# Target Butts at Vegas???



## RedWonder (Jan 10, 2003)

Morrell M48 COMMERCIAL RANGE TARGET

http://www.morrelltargets.com/scripts/prodView.asp?idproduct=26


----------



## McCann (Feb 27, 2005)

RedWonder said:


> Morrell M48 COMMERCIAL RANGE TARGET
> 
> http://www.morrelltargets.com/scripts/prodView.asp?idproduct=26


thanks

does anyone know what they do with them after the tourney?

Marc


----------



## S4 300-60 (Mar 18, 2003)

McCann said:


> thanks
> 
> does anyone know what they do with them after the tourney?
> 
> Marc


They reuse them 950 times....that way everyone knows what it's like to pass thru one at Lville.........lol...


----------



## BOWGOD (Aug 11, 2004)

I don't get why anyone would buy the comercial range target, when you can just stack 4 of the range cubes. Range target 48x48x20 $614.99,stacked range cube 48x48x24 $419.96


----------



## pragmatic_lee (Jan 19, 2008)

BOWGOD said:


> I don't get why anyone would buy the comercial range target, when you can just stack 4 of the range cubes. Range target 48x48x20 $614.99,stacked range cube 48x48x24 $419.96


Because "they" are not spending their own money and do not have to account to anyone how/why they spend what they spend.


----------



## S4 300-60 (Mar 18, 2003)

BOWGOD said:


> I don't get why anyone would buy the comercial range target, when you can just stack 4 of the range cubes. Range target 48x48x20 $614.99,stacked range cube 48x48x24 $419.96


You are talking about 100+ targets......if you go the way of a 4 stack, now you are up to 400+ targets...let alone how to get them all up and stable on a stand.....I guess ease of use and setup are a big factor in their favor....


----------



## Brown Hornet (Aug 8, 2002)

My question would be why are they using those crap targets in the first place? :noidea:


----------



## JPE (Feb 1, 2004)

Brown Hornet said:


> My question would be why are they using those crap targets in the first place? :noidea:


What would you use instead?


----------



## rock monkey (Dec 28, 2002)

as many as the NFAA uses, they may get a good discount. 140+ bales can get REALLY expensive at single unit pricing.

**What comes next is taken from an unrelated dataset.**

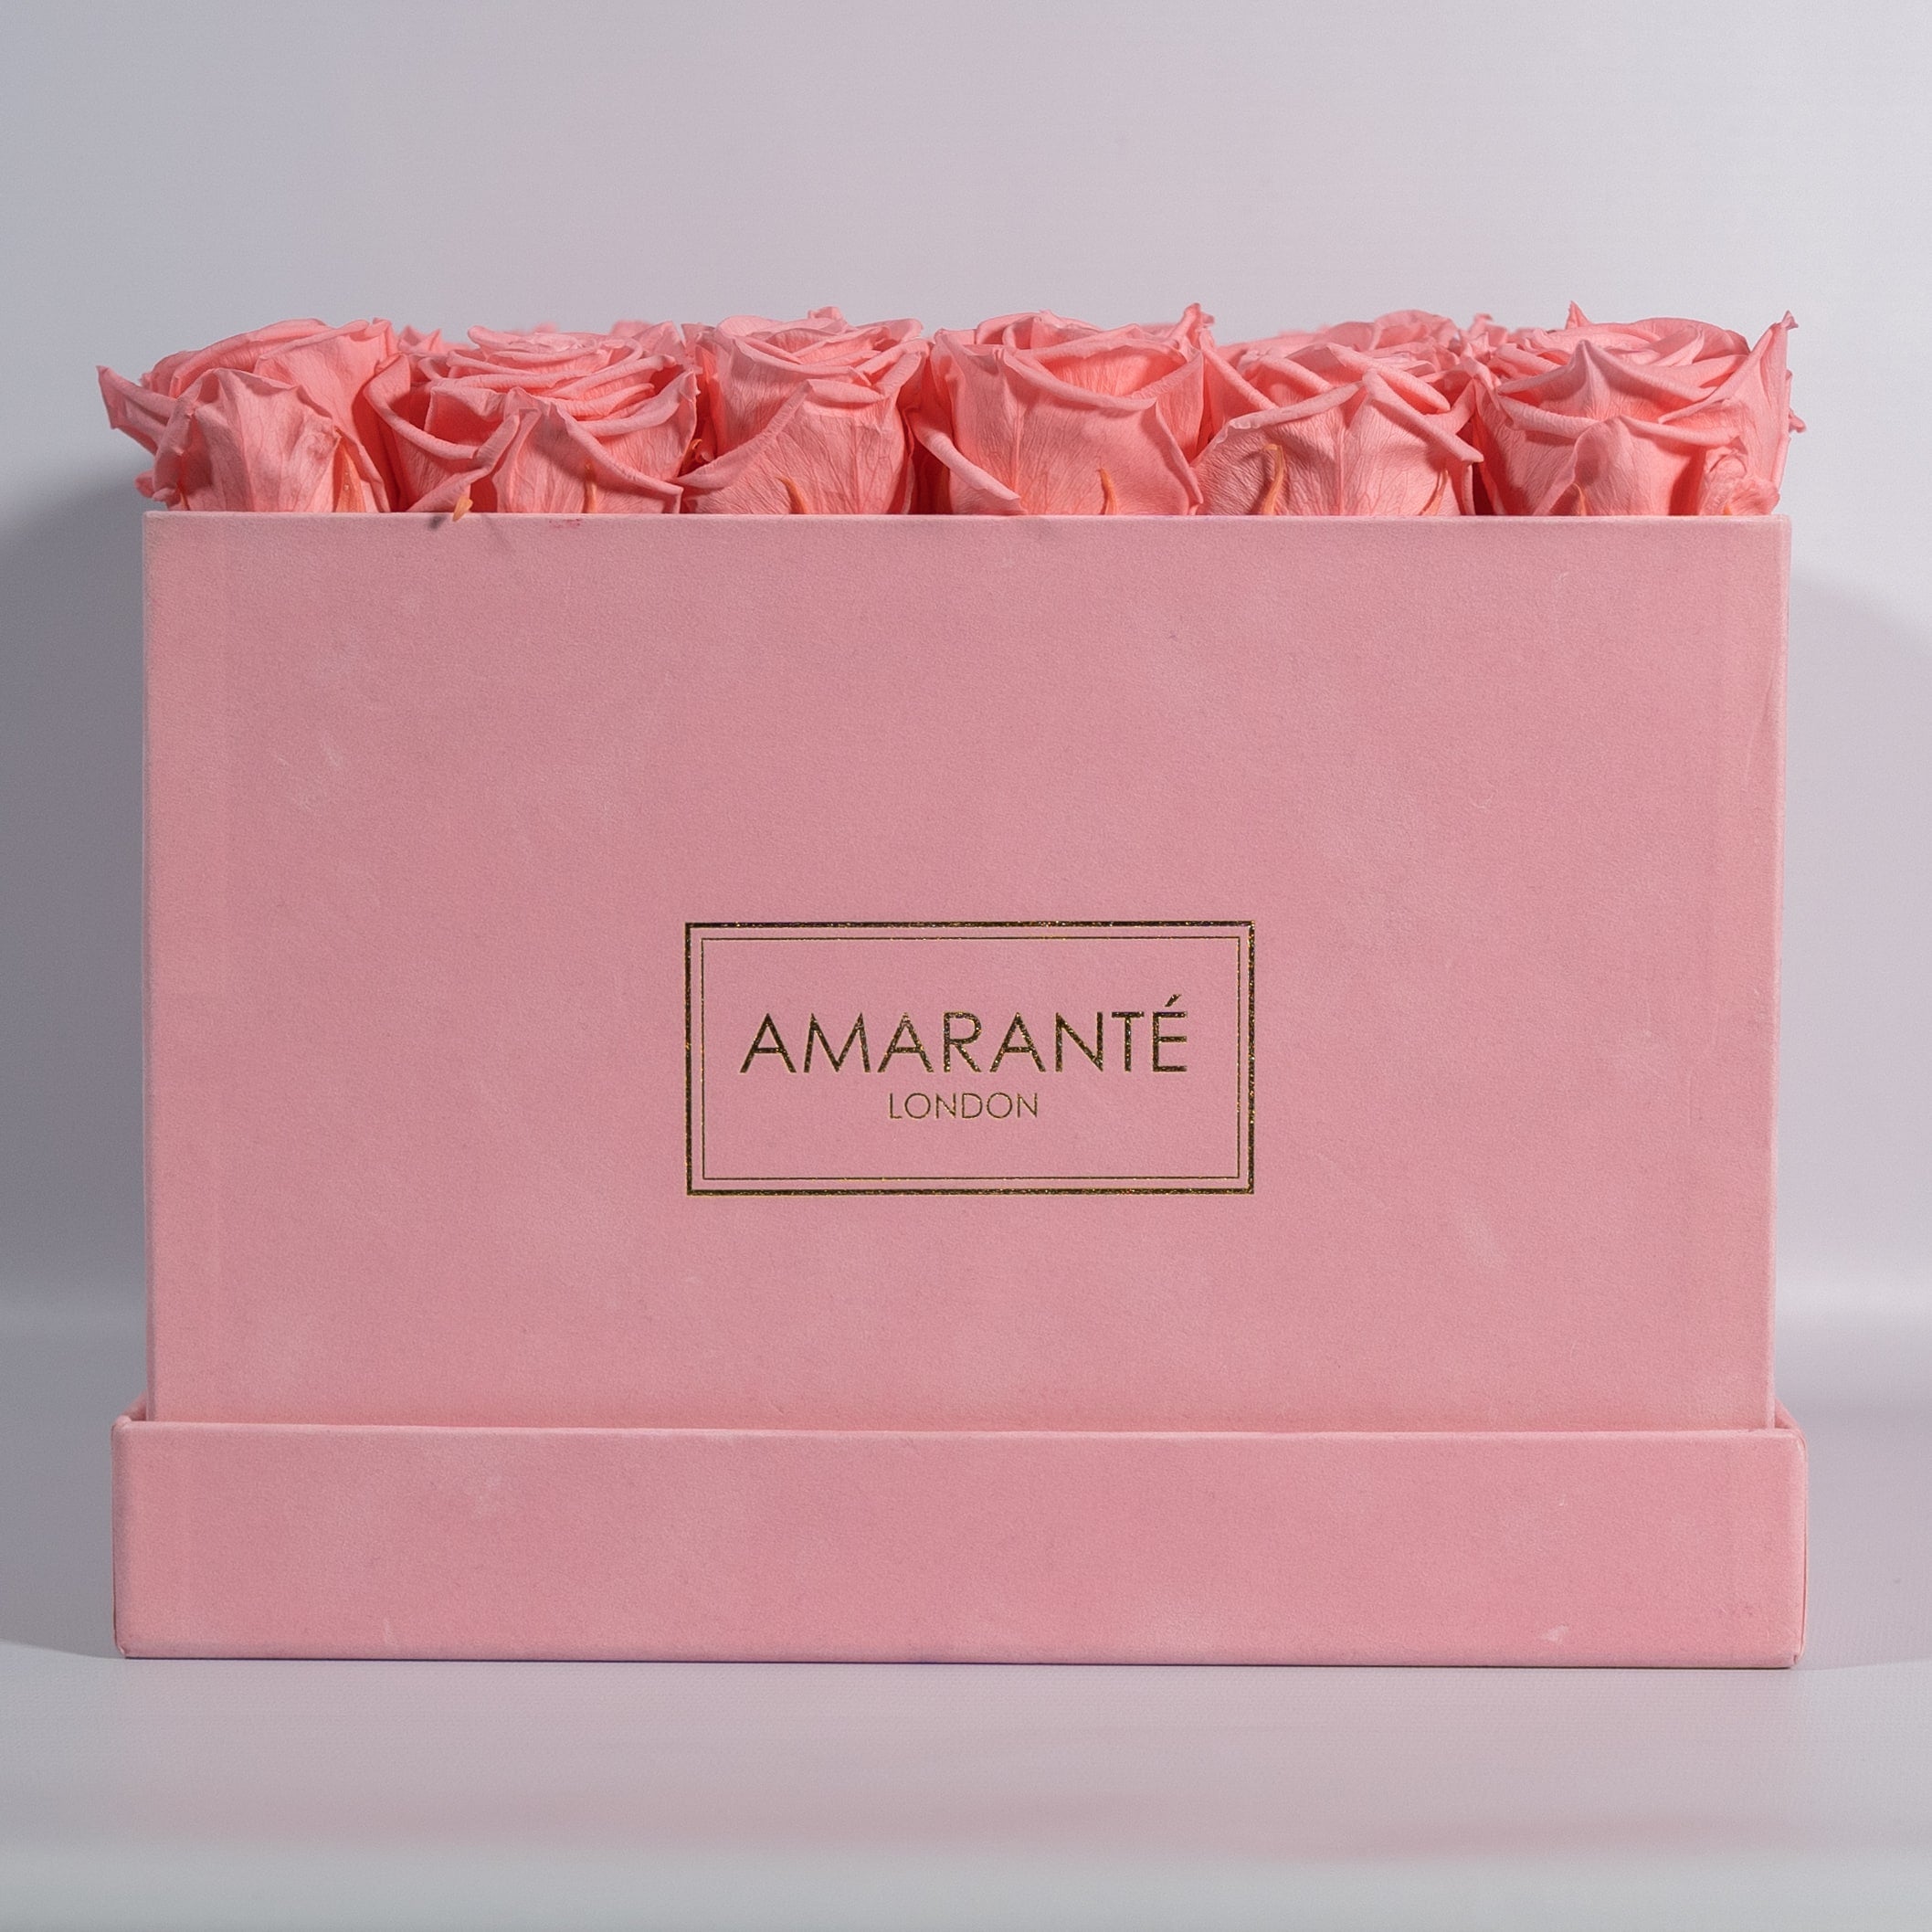 Blushing light pink roses imbedded in an alluring pink box

as fat as what they do with them afterwards?....not sure, but i can speculate. offer them to the states for their use, sell them outright to members after the final indoor event, or junk em/return them.


----------



## FS560 (May 22, 2002)

After Vegas, the target butts and frames will be loaded back on the over the road closed trailers and either spotted in Yankton or somewhere closer to the indoor national site.

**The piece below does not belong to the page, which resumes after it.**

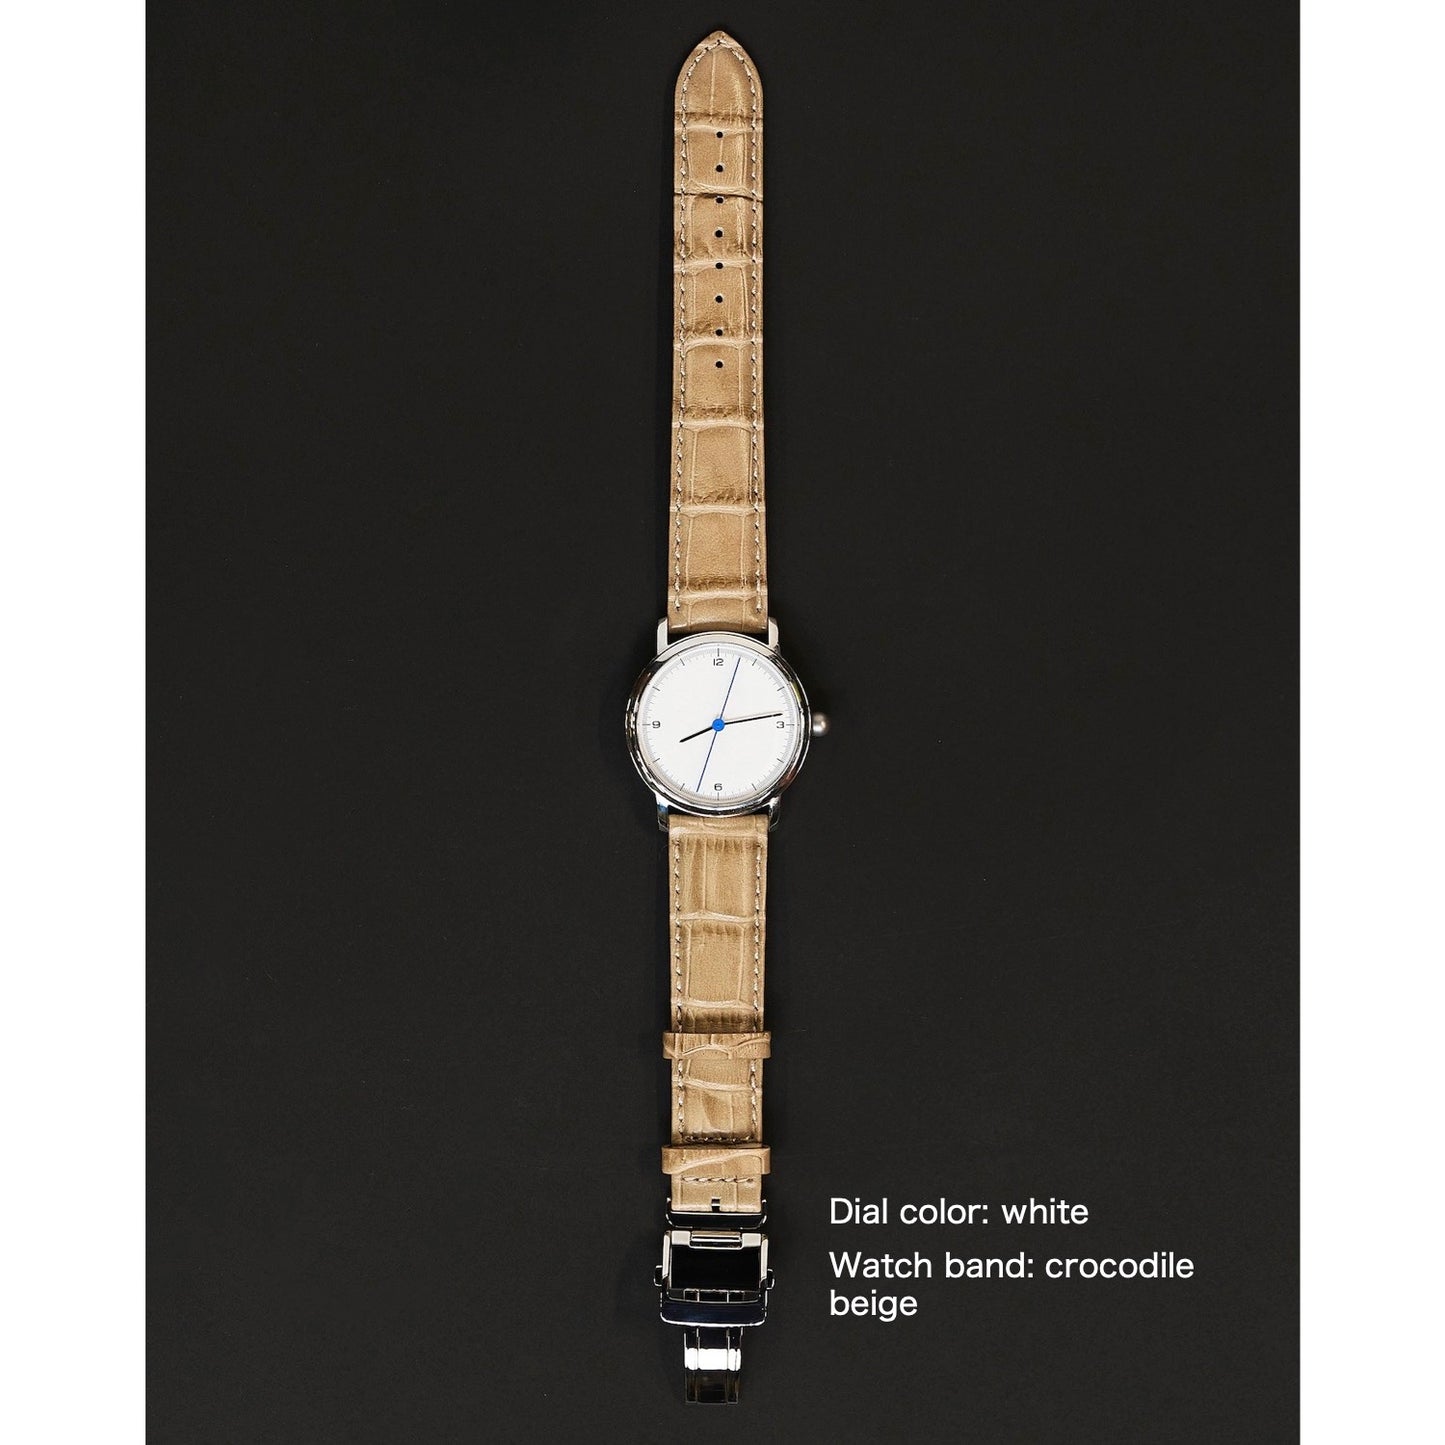 Dial color: white /  watch band: crocodile beige

NFAA owns the trailers but no tractors. The butts are stored in the trailers all year when not being used.


----------



## McCann (Feb 27, 2005)

thanks to one and all for your input.

I asked because my club is going to replace all of our indoor buttts and some of our outdoor butts. as with any group there is quite a bit of discussion going around about do we buy the targets? do we make them? do we make frames and then utilize a premanufactured butt with filler material from our old targets.....etc. the discussion has been going on for a few months and now that the budget has been approved we are still looking at what to do.

what are some of your thoughts on some of the manufactured targets that are on the market? we have discussed Spider Web, Bull Dog, Delta's Bagdad Revolution and a few others, the morrell blob being one of them. Who here has shot some of these targets and are they trully worth the $600-$700 we would have to spend on EACH butt?


thanks
Marc


----------